California’s Teacher Supply in 15 Charts

If you follow me on Twitter you probably know that I’ve been sifting through many years of reports from the California Department of Education and the Commission on Teacher Credentialing to learn about California’s supply of teachers. Since I’ve been generating a number of charts, I thought I’d put them all together in one place.

First, for some context, here’s California’s K-12 student enrollment. Between the 1997-98 and 2004-05 school years, student enrollment increased by about 10% and has been roughly flat since. There are now approximately 6.2 million students in California’s K-12 system.


California hired more teachers as enrollment grew, and eventually cut back right around the time of the recession. Last year there were roughly 295,000 teachers in California’s public schools.


As enrollment and hiring has ebbed and flowed, the ratio of students to teachers in California has oscillated between 20-22.


At the same time, student demographics in California have changed substantially, with the proportion of white students steadily falling while Hispanic/Latino students became a majority.


Teacher demographics in California have changed somewhat as well, with white teachers becoming somewhat less common and Hispanic/Latino teachers somewhat more common.


The teaching force in California nevertheless remains much less diverse than the student population. Today there are roughly 8 white students for every white teacher in the state. That compares to 35 black students per black teacher (about the same as for Asian students & teachers) and 63 Hispanic students per Hispanic teacher.


Shifting gears to the size of the new teacher supply in California, the first and most striking fact is that the number of new credentials issued in California has fallen for each of the 10 most recent years for which data are available. The 14,810 credentials issued in 2013-14 represent a drop from the high in 2003-04 of 53%. This includes traditionally-certified teachers, teachers in intern programs (like Teach for America) and teachers converting their credentials from other states.


(I recently heard Linda Darling-Hammond say that enrollment in teacher preparation programs has climbed recently. She is in a position to know, but the next round of enrollment numbers probably won’t be public until October, and new credentialing numbers may not be available until April or so.)

The 14,810 credentials issued in 2013-14 is equivalent to 5.1% of the existing teaching force that year.
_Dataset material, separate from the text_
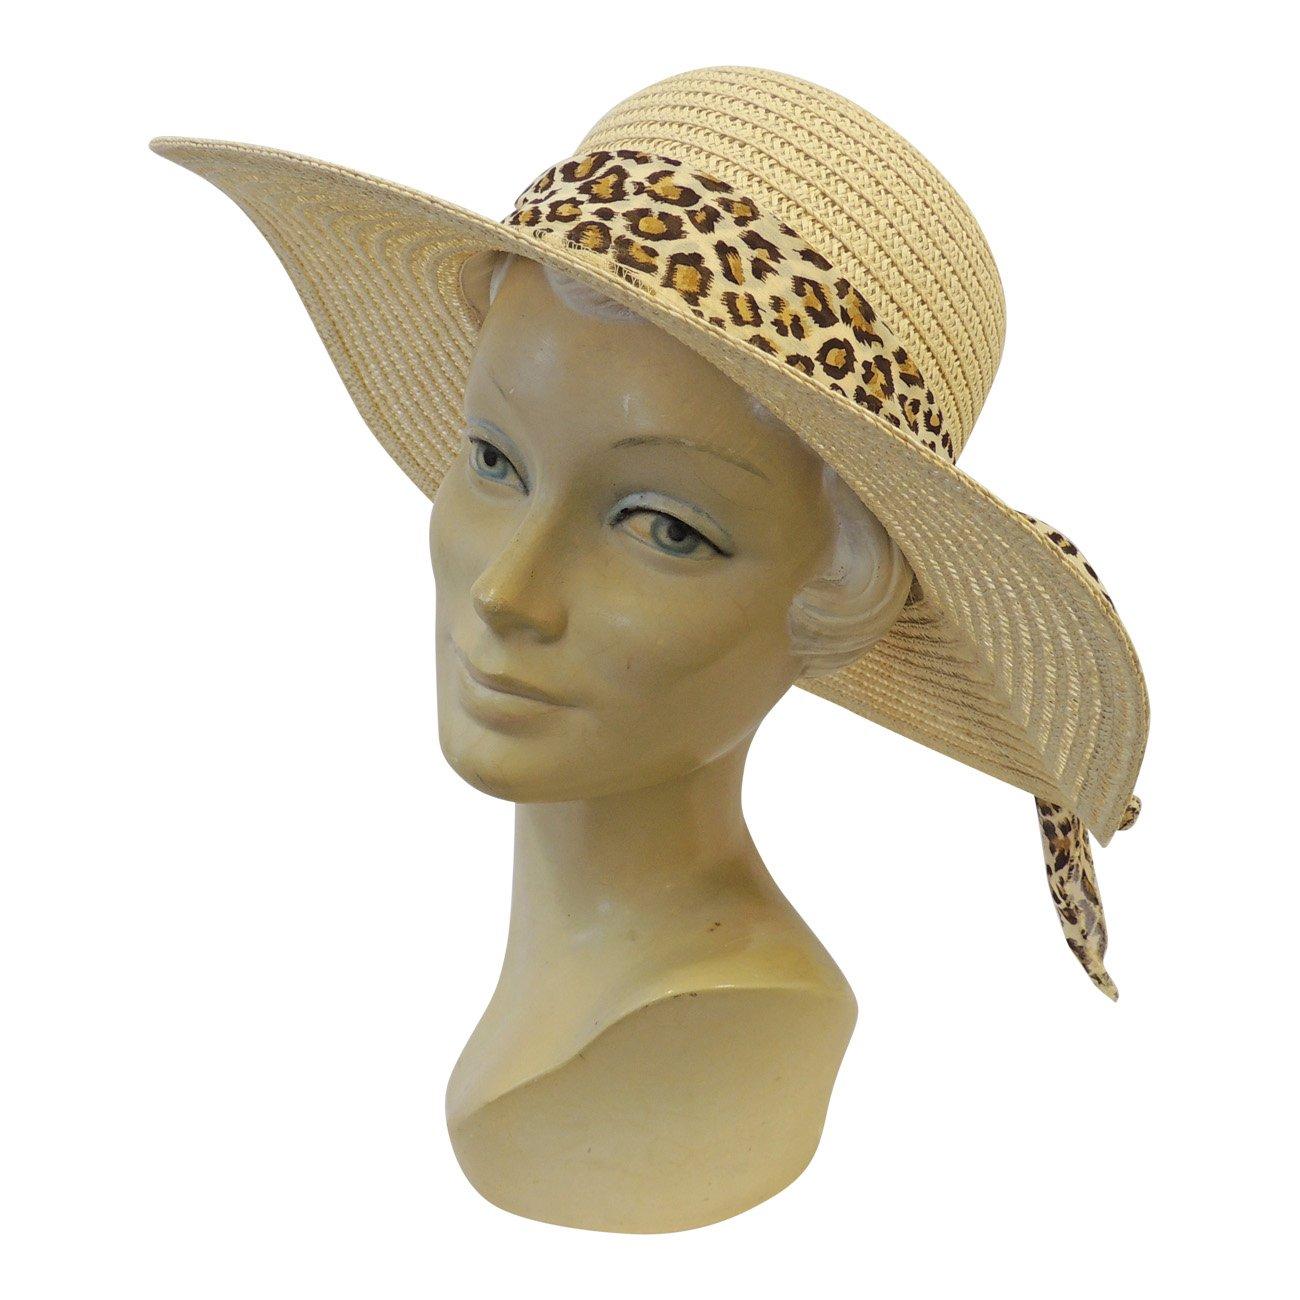 6e342223788b36 New Retro Wide Brim Raffia Leopard Summer Sun Hat 1920's 1930's 1940's Style:  Rosa Rosa: Amazon.co.uk: Clothing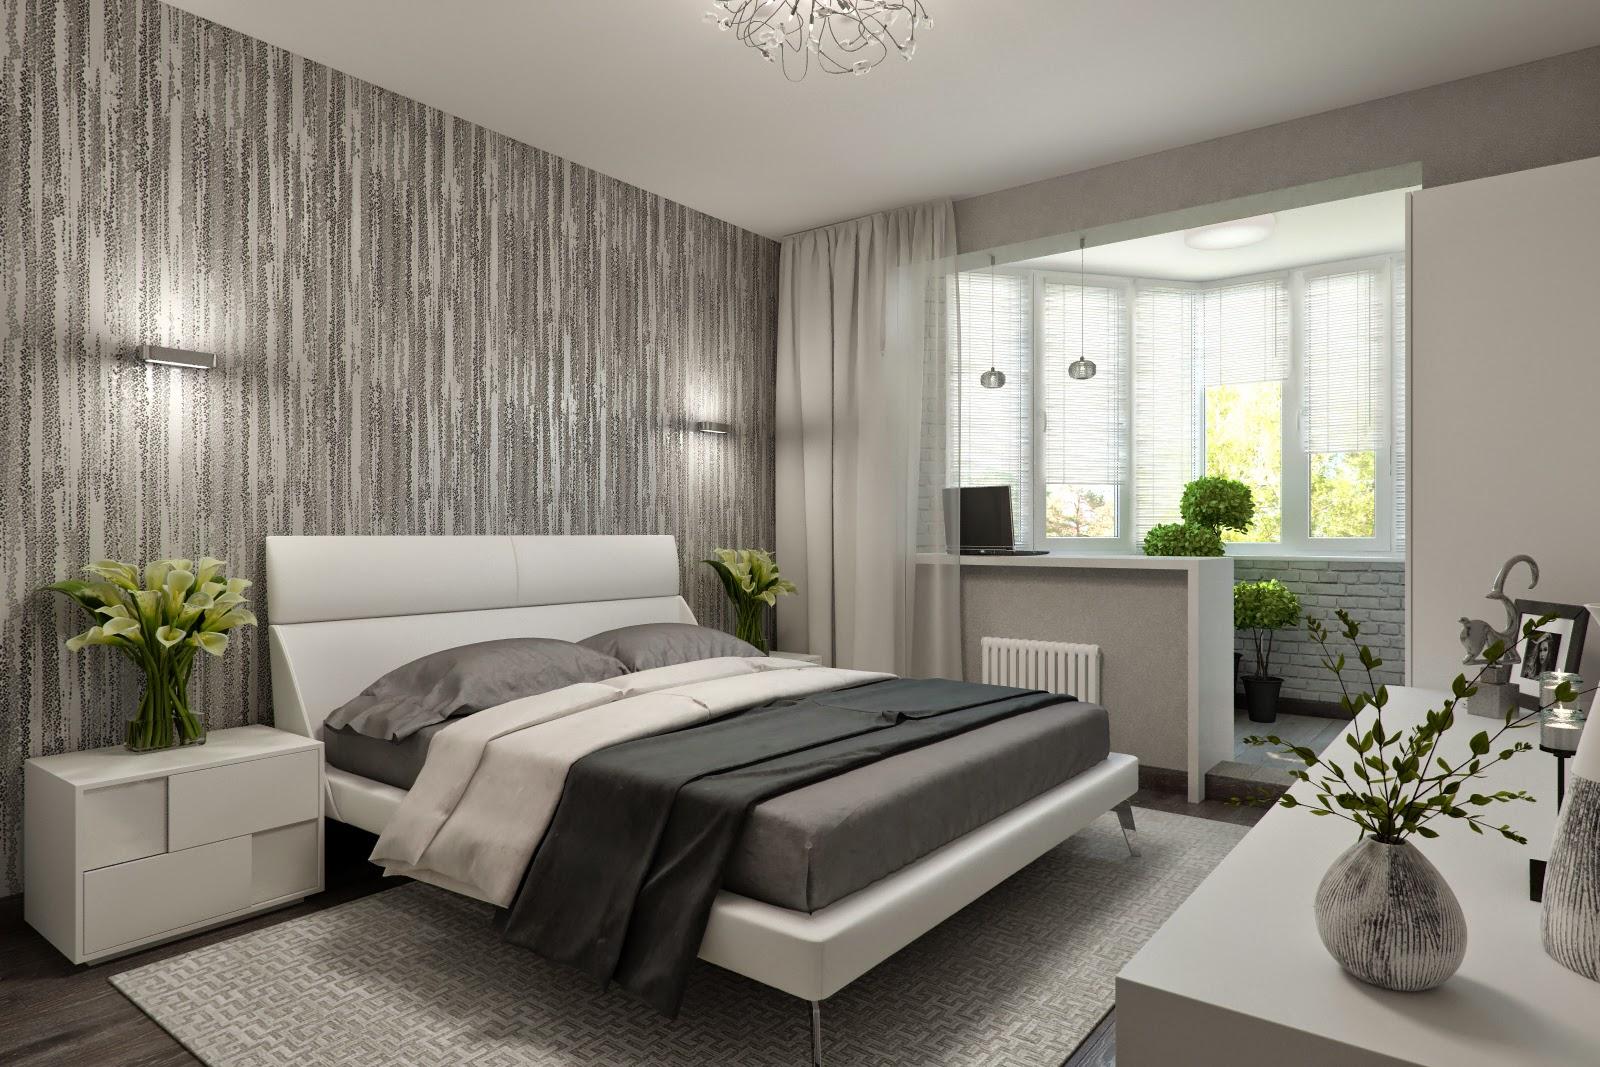 Советы по оформлению внутреннего убранства спальни

That is the lowest level since at least 1997-98.


As is often the case in education, overall numbers can mask a lot of variation. If we break down credentials into three broad categories – multiple subject (elementary), single subject (secondary), and specialist (special education) – we can see that the vast majority of the drop is attributable to fewer elementary teachers becoming certified, with multiple subject credentials falling by 2/3 since 2003-04. Over the same time period new single subject credentials are down by about 40% and special education credentials are down by about 10%.



Of course, some of these categories can be broken down further still, as single subject and specialist credentials come with “authorizations” to teach specific subjects or students with specific special needs. This gets somewhat trickier with the data currently available to me, which doesn’t track intern credentials by authorization until 2007-08. If we restrict ourselves to the last seven years – when intern credentials can be included in the totals –  it turns out that, at least recently, credentialing declines have been broadly similar across many common credential types. (I’ve indexed all values to 2007-08 so that the large number of elementary credentials doesn’t stretch the y axis.)


This is not to say there aren’t exceptions and variation. If we look at all four categories of science credentials, for example, we can see that, at least over the last seven years, chemistry and physics credentials have not declined as much (proportionally) as biology and geosciences credentials.


Is the decline in new teachers putting pressure on schools as they hire staff? It’s very hard to generalize, particularly in a state as large as California, but one way to see if schools are experiencing supply constraints is to see how many teaching permits they are receiving from the state. There are various kinds of teaching permits, and California has changed its permit requirements over the years, but in general permits allow schools to hire teachers who are not fully credentialed in a given subject area provided that they (the school) can demonstrate that they have made an effort to find fully credentialed candidates.

California reports the number of teaching permits issued by subject area each year, and we can see that while permits for common subject area authorizations declined and almost vanished after the turn of the century, they have ticked back up in recent years.


While still low in historical terms, various types of teaching permits and waivers (a rarer and more extreme type of credentialing exemption) increased between 29% and 51% last year. This may indicate that schools are having a harder time finding fully credentialed candidates to hire.

This perhaps should not be surprising since schools in California have been increasing their hiring recently, even as the number of newly-issued credentials continues to drop. Each year schools provide the state with estimates of how many teachers they will need to hire the following year. These are likely only very crude estimates of the actual number of teachers who will be hired and the number of new teachers who will be required, but it is illustrative to consider trends.


If California is going to need to certify more teachers, it is helpful to know where the state’s teachers come from. Historically, the vast majority of teachers have been prepared by programs in the California State University system or at private schools. (University system figures include both their traditional and intern programs.)


However, as we can see the relative importance of each source has changed somewhat over the years, with teachers increasingly likely to be prepared out of state or in University of California schools. This is largely because enrollment at CSU and private schools has dropped dramatically.


Hopefully I’ll have a chance to update these charts as new reports come out in the future.